13. Transmission channel (1) according to claim 12, characterised in that said high voltage buffer block (4) comprises respective buffer drivers (DRB 1 , DRB2, DRB3, DRB4) connected to control terminals of said buffer transistors (MB 1, MB2, MB3, MB4).

14. Transmission channel (1) according to claim 1, characterised in that said bootstrap circuit (31) of said switching circuit (30) comprises at least one first biasing generator (Gl) inserted between said first control terminal (XGW1) and said first bootstrap node (XBW1), as well as a second biasing generator (G2) inserted between said second bootstrap node (XBW2) and said second control terminal (XGW2) as first and second parasite capacities (Cgenl, Cgen2) of said bootstrap circuit (31), said at least one first and one second biasing generator (Gl, G2) supplying respective first and second biasing currents (Ibl, Ib2).

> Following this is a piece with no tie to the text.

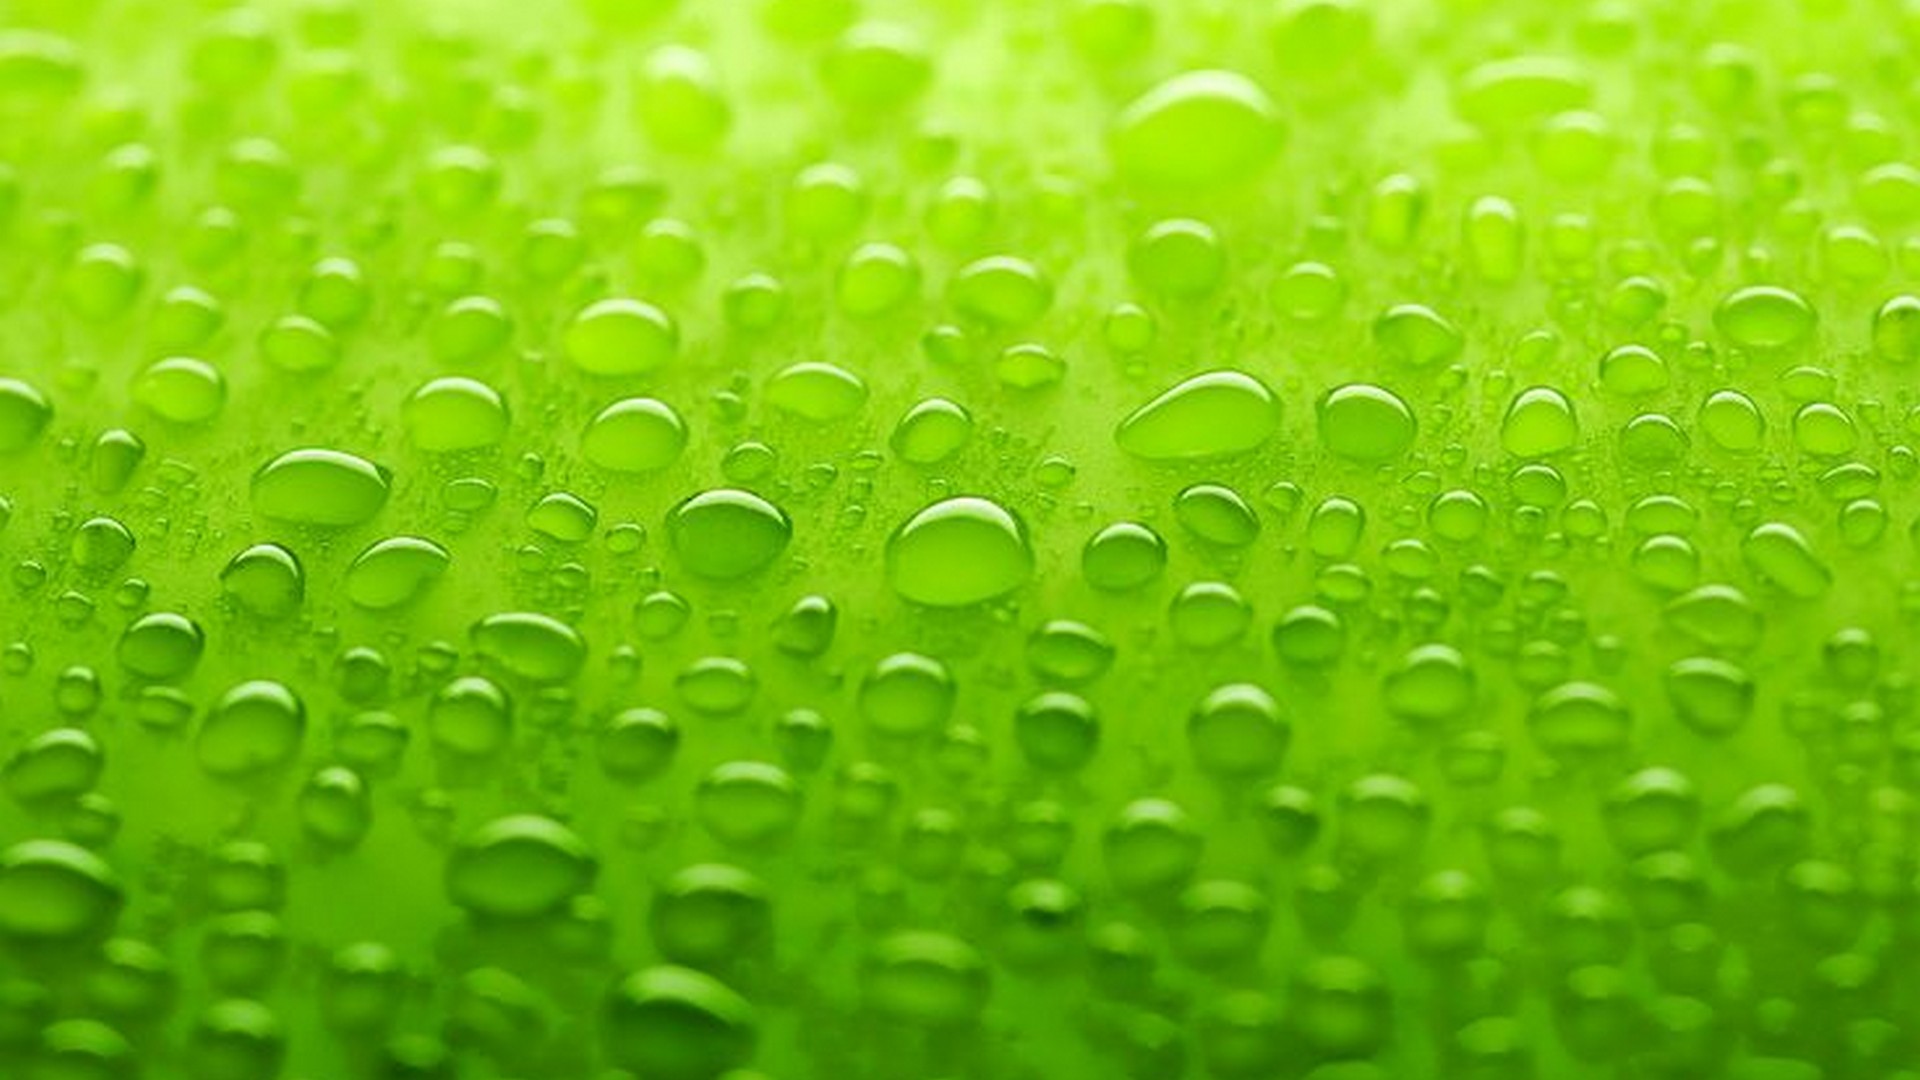 HD Lime Green Backgrounds with resolution 1920X1080 pixel. You can use this wallpaper as background for your desktop Computer Screensavers, Android or iPhone smartphones

15. Transmission channel (1) according to claim 14, characterised in that said bootstrap circuit (31) further comprises a first bootstrap transistor (MBW1) being inserted, in series to a first bootstrap resistive element (RBW1), between said first control terminal (XGW1) of said first switching transistor (MSW1) and said second bootstrap node (XBW2), as well as a second bootstrap transistor (MBW2) inserted, in series to a second bootstrap resistive element (RBW2), between said second control terminal (XGW2) of said second switching transistor (MSW2) and said first bootstrap node (XBW1);

said first bootstrap transistor (MBW1) having a control terminal connected to a first inner circuit node (XWl) of said switching circuit (30), corresponding to a source terminal of said first switching transistor (MSW1) and said second bootstrap transistor (MBW2) having a control terminal connected to a second inner circuit node (XW2) of said switching circuit (30), corresponding to a source terminal of said second switching transistor (MSW2).

16. Transmission channel (1) according to claim 1, characterised in that said values of parasite capacities of said bootstrap circuit (31) are of at least some orders of magnitude, preferably three, lower with respect to the gate-source capacities (Cswl, Csw2) of said at least one first and one second switching transistor (MSW1 , MSW2).